In this final segment of our You Asked, We Answered blog series, we explore who should be used as a professional reference throughout your job search. Reference checks are a critical part of the hiring process and can make or break a prospective employer’s decision to extend an offer. Choosing who to use as a professional reference is a decision to take seriously and thoughtfully. Here is some great advice from our team!
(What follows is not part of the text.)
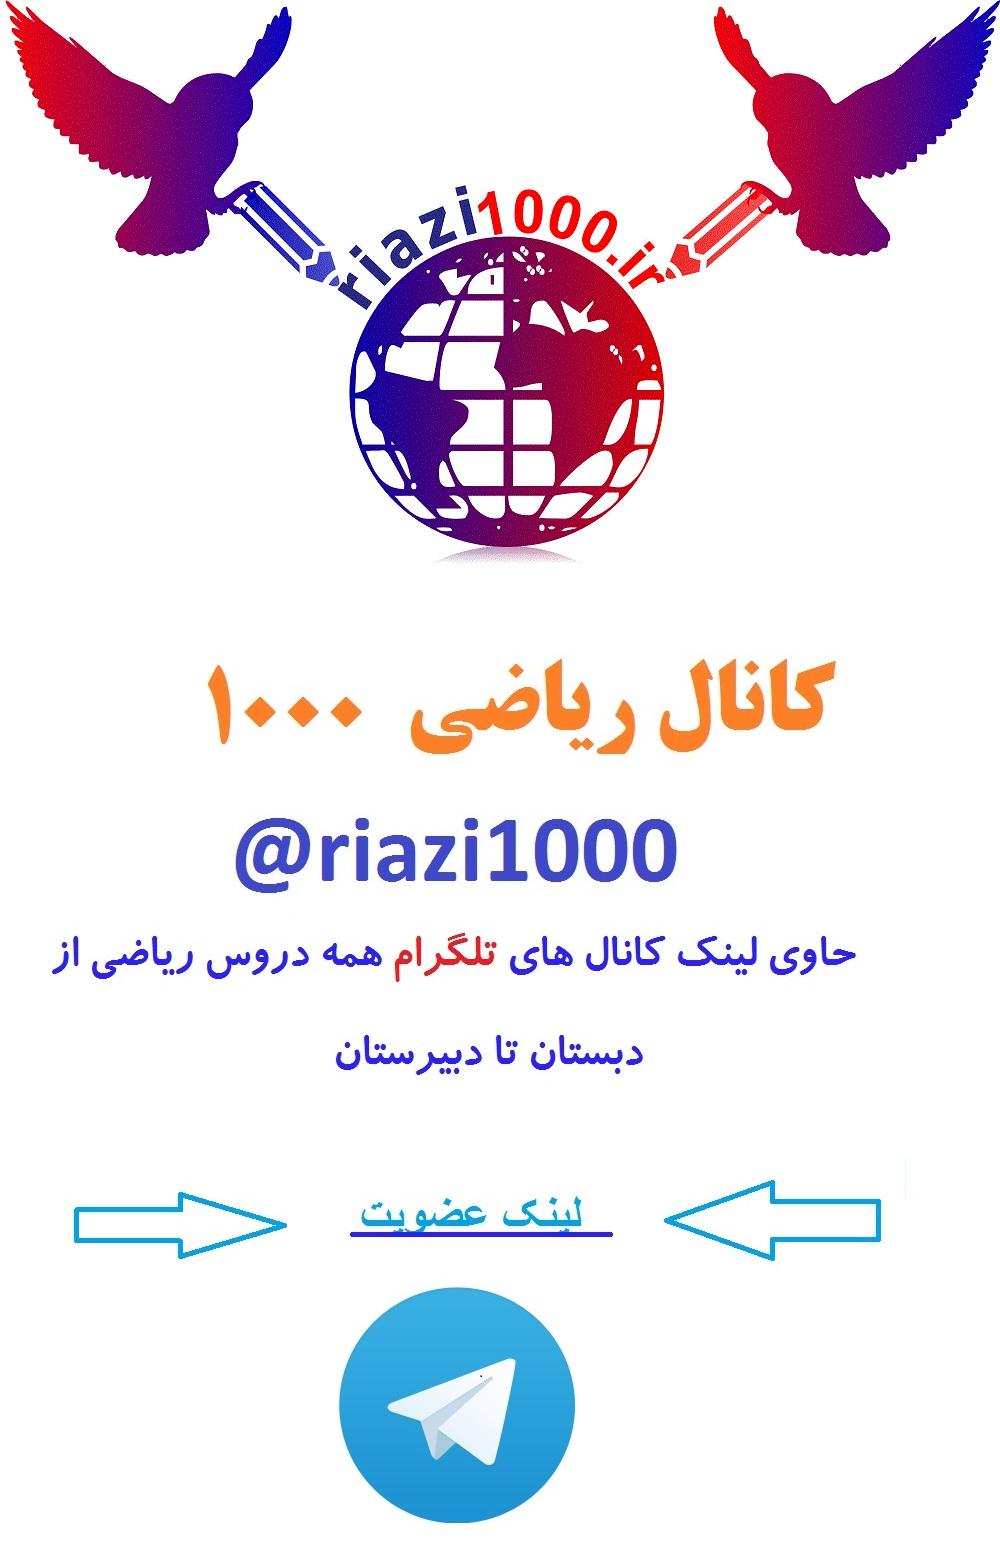 کانال ریاضی 1000

Mackenzie Schiavone, Consultant: “Who you use for a reference can vary depending on your employment status. If you’re currently employed and seeking a new job, it’s not best to use your present company as a reference if there are confidentiality concerns. Instead, consider using previous supervisors who can speak to your skills and work ethic. If you do want to use someone who can speak to your experience and skills in your current role, try contacting someone who has left the company but supervised you in some capacity. If unemployed, your last 2-3 supervisors would be ideal and credible references. As a result, someone senior to you is always a good choice for a reference.”

 

Connor Avery, Consultant: “It is best to have your professional reference be from as recent of a position as possible. For confidentiality reasons, it is always understandable that someone at your current company may not be able to be the reference. If that is the case, try to have your professional reference be from the organization you worked for directly before where you are currently working. Additionally, try to have your professional reference be someone you reported to (whether that be a direct supervisor, manager, director, etc.) instead of being a coworker in the same role you were in. A professional reference that was also a superior can shed better light on the skills and attributes you bring to the table!”

 

Rob Harvie, Director of Staffing: “If you are a recent high school or college graduate, you may struggle to find a professional reference. As a first-time job seeker, your reference will mostly consist of people who can attest to your attitude, work ethic, and character.  These traits are extremely important as they relate to open positions that organizations seek to train. So, who could you use? In these cases, having a Teacher or Professor provide a reference is a great idea as they can highlight certain soft skills that will translate well into a new job. Also, if you lack paid work experience and regularly volunteer to certain organizations, many potential employers will find added value in that. Asking someone you work closely with in a volunteer capacity could go a long way. A third option is a local organizational leader or coach. Potential employers have great respect for the time-management and leadership skills that are learned in these types of extracurricular activities.”

 

Who you choose as a reference will significantly influence your candidacy with a prospective employer. Once you’ve chosen a short list of reference contacts, follow these best practices to keep the process running smoothly:

  • Contact your references at the beginning of your job search to ensure they are willing to speak on your behalf and have time to prepare for a phone call from a prospective employer. Once you hear from the hiring manager that they will check your references, let your contacts know to expect a call.
  • Make sure you have up-to-date and accurate information to give to the hiring manager:
    • Phone number and email address
    • Correct spelling of reference’s name, current title, and employer
    • Where you worked with this person, their title at that time, and the nature of the professional relationship
  • Share details about the job you’re interviewing for, the company, and who will be calling if you know. You can even send your references the job description so they can tailor their comments to the job you’re in consideration for.

 

 

Thank you for following along on our You Asked, We Answered blog series! The job search process is constantly changing, and we understand the frustrations that often come with it. We hope that answering your pressing questions will make the process easier for you.